As for Doopie, she never seems to age. She stared and stared at my face, then smiled and said, “Ids Bayba!” but I’m not convinced anything really registered with her. Violet credits her with understanding, but a person may smile in an aimless way without at all understanding whether there’s anything to smile about. Nora Sedley Cordle springs to mind.

I haven’t yet sighted the two boys. They are normally kept at a school called Pilgrims but are being allowed out tomorrow night for something called an exeat . Not on my account, I hope.

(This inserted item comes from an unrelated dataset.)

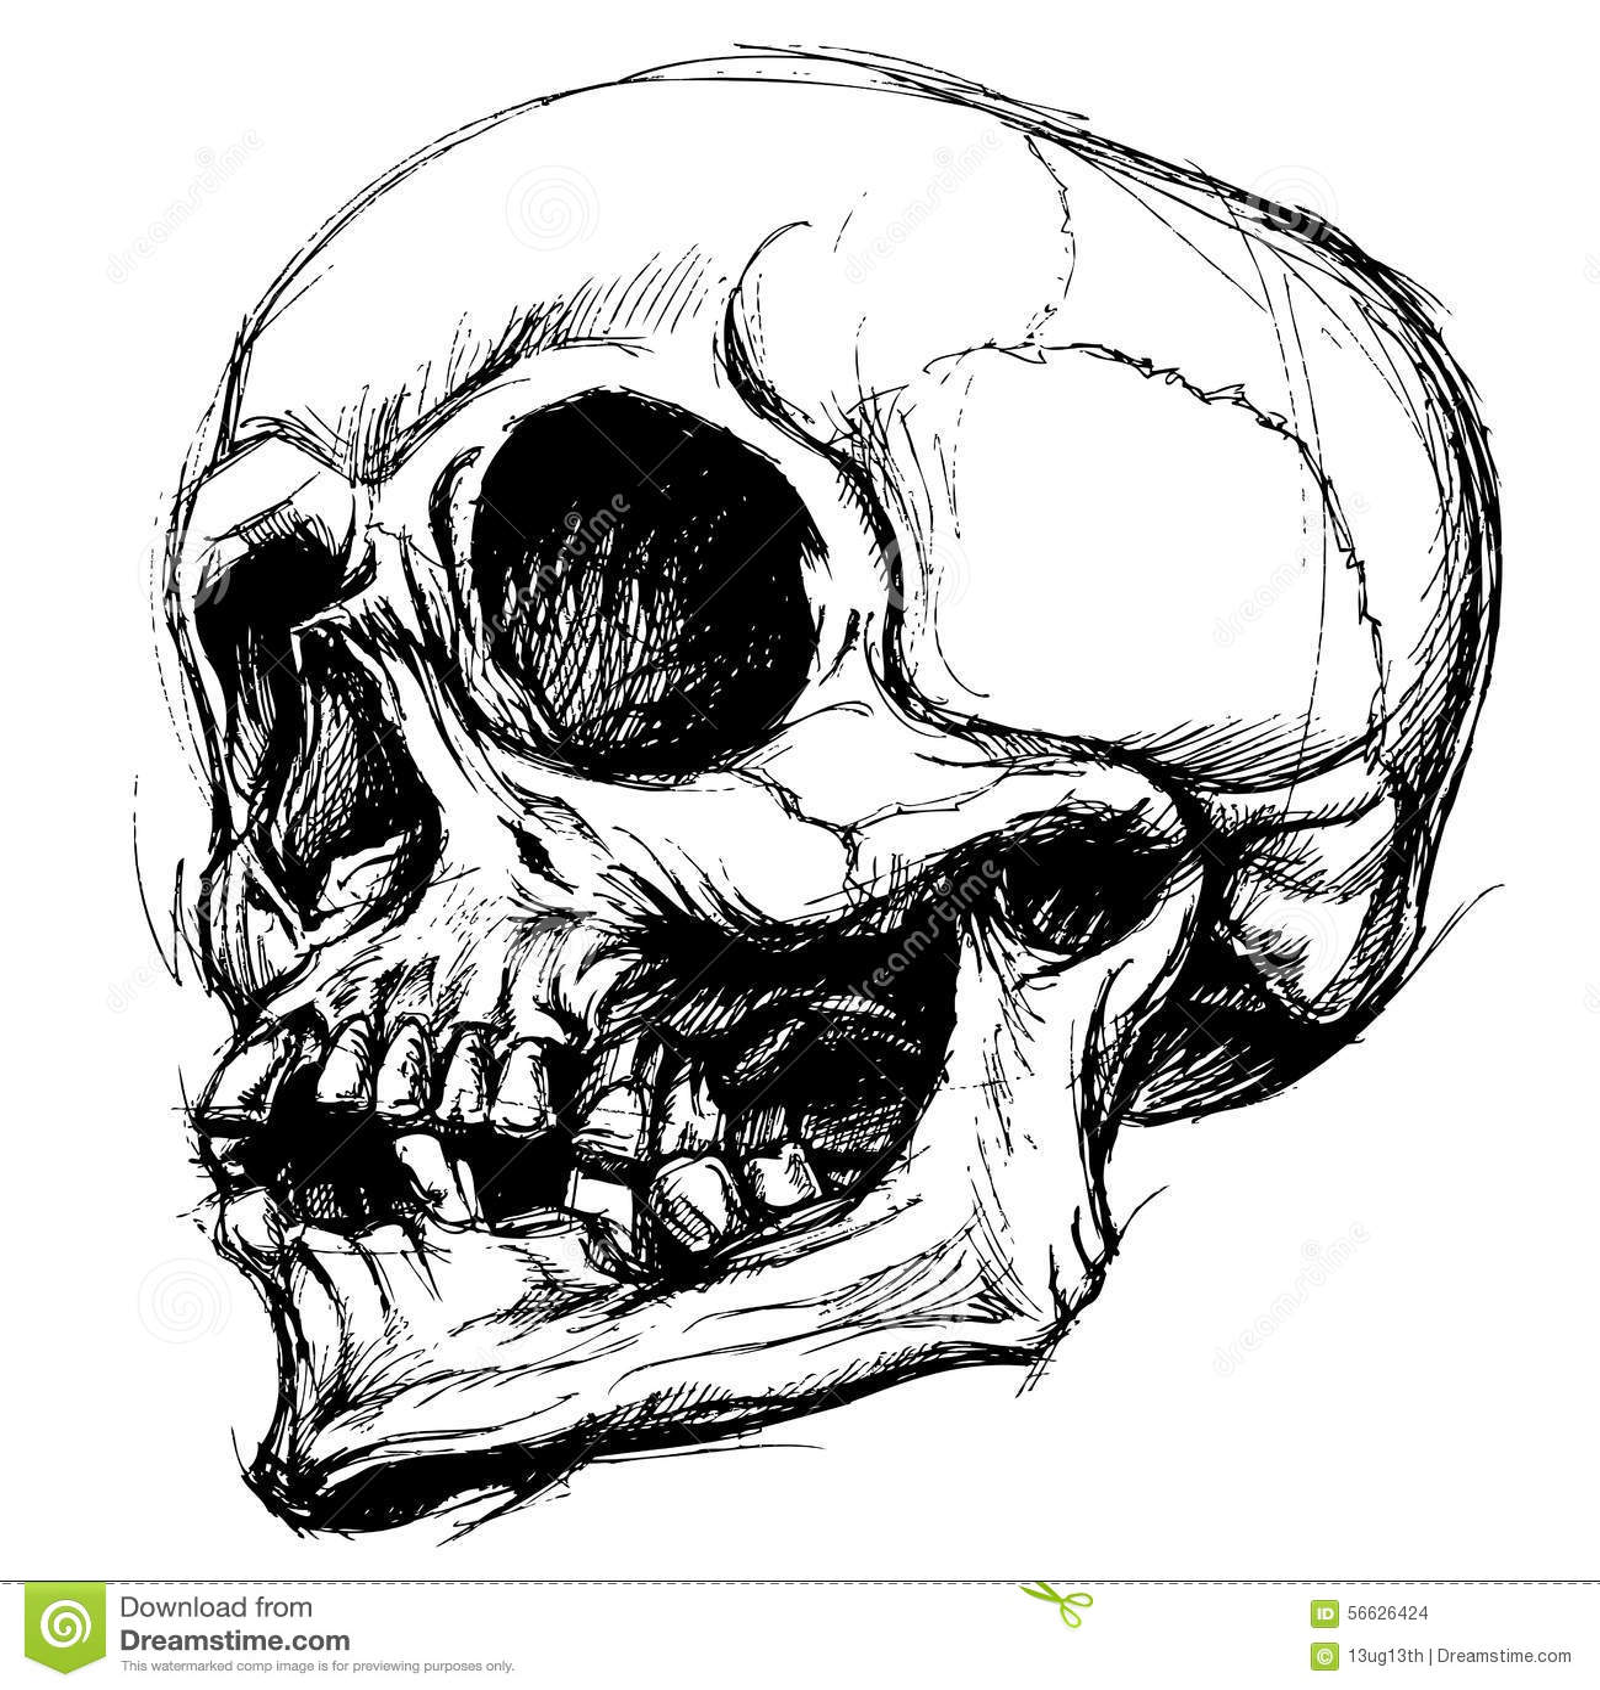 Line Drawing Skull : Skull drawing line work vector stock image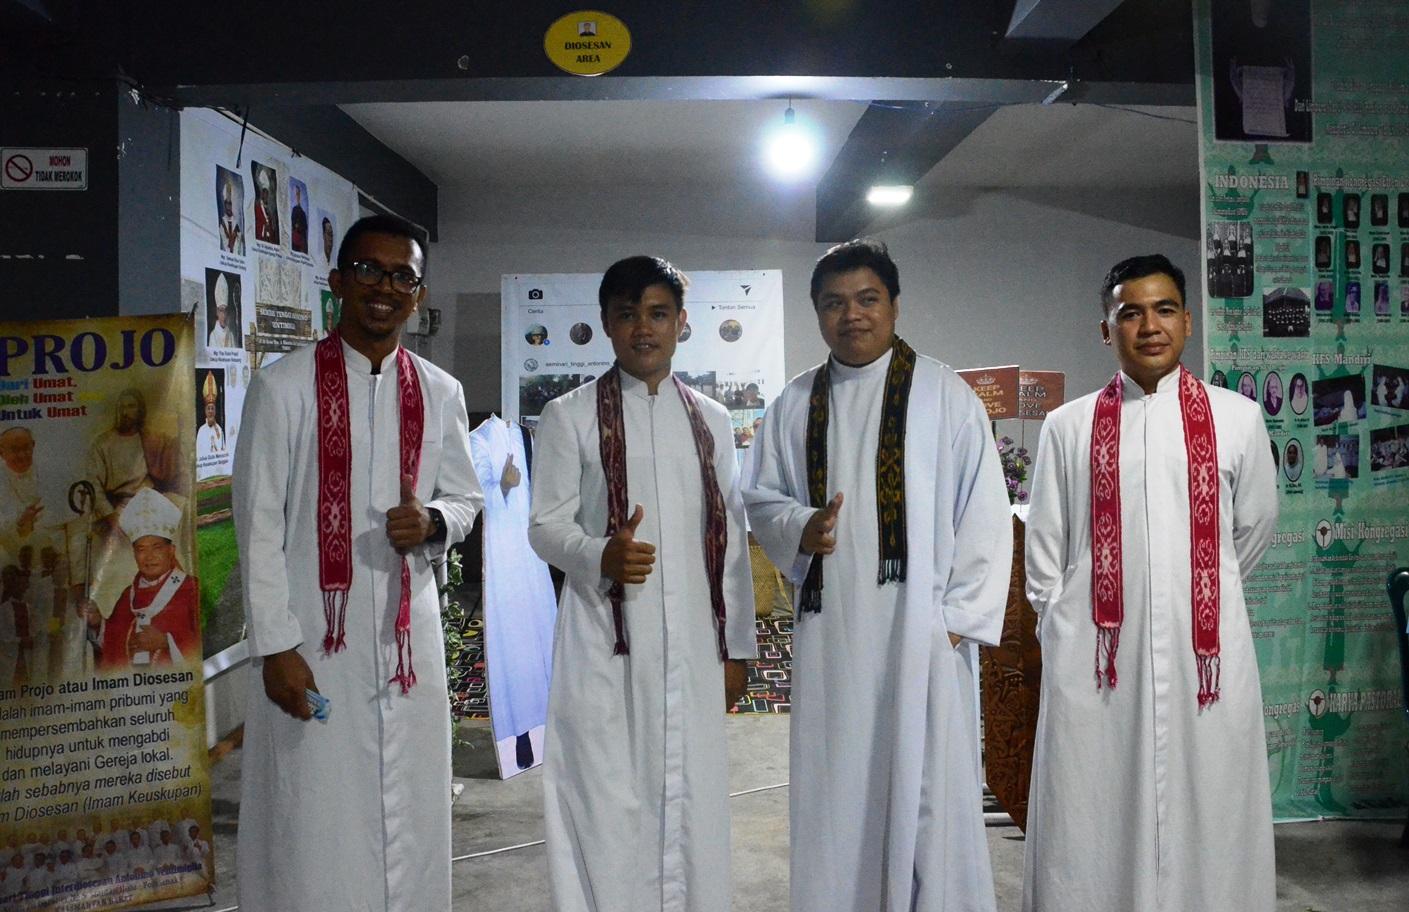 Parrocchia della Sacra Famiglia a Kota Baru, Pontianak (West Kalimantan) 03

A sweet note of welcome waiting for me from Pips Waldo, now Crosbie. She and her husband, Freddie, are in Halkin Street, just off Belgrave Square. We lunch on Monday.

14th May 1932

Besieged. The house is filled with boys wearing hobnailed boots. They were brought down to the drawing room to meet me last evening. All Violet’s children have Melhuish’s carroty hair and freckled skin. Ulick is tall, I’d say, for twelve; Rory is like a skinned rabbit. According to Violet, he suffers from night terrors. According to one of the housemaids, who offers unsought opinions on everything while dust gathers in drifts inches deep, he sees “imaginings.” Well, all children are prone to imaginings, and the less intelligence they have the more susceptible they are. I remember I used only to have to snake my arm out of bed and set a rocking chair in unexplained motion for Violet to start howling, followed rapidly by Doopie.

Anyway, both boys shook me nicely by the hand and Ulick asked me how many acres I have at Sweet Air. Rory was gazing at me with his mouth open, Ulick nudged him in the ribs, and when he still stood catching flies, Ulick said, “And how was the crossing? Agreeable, I hope.”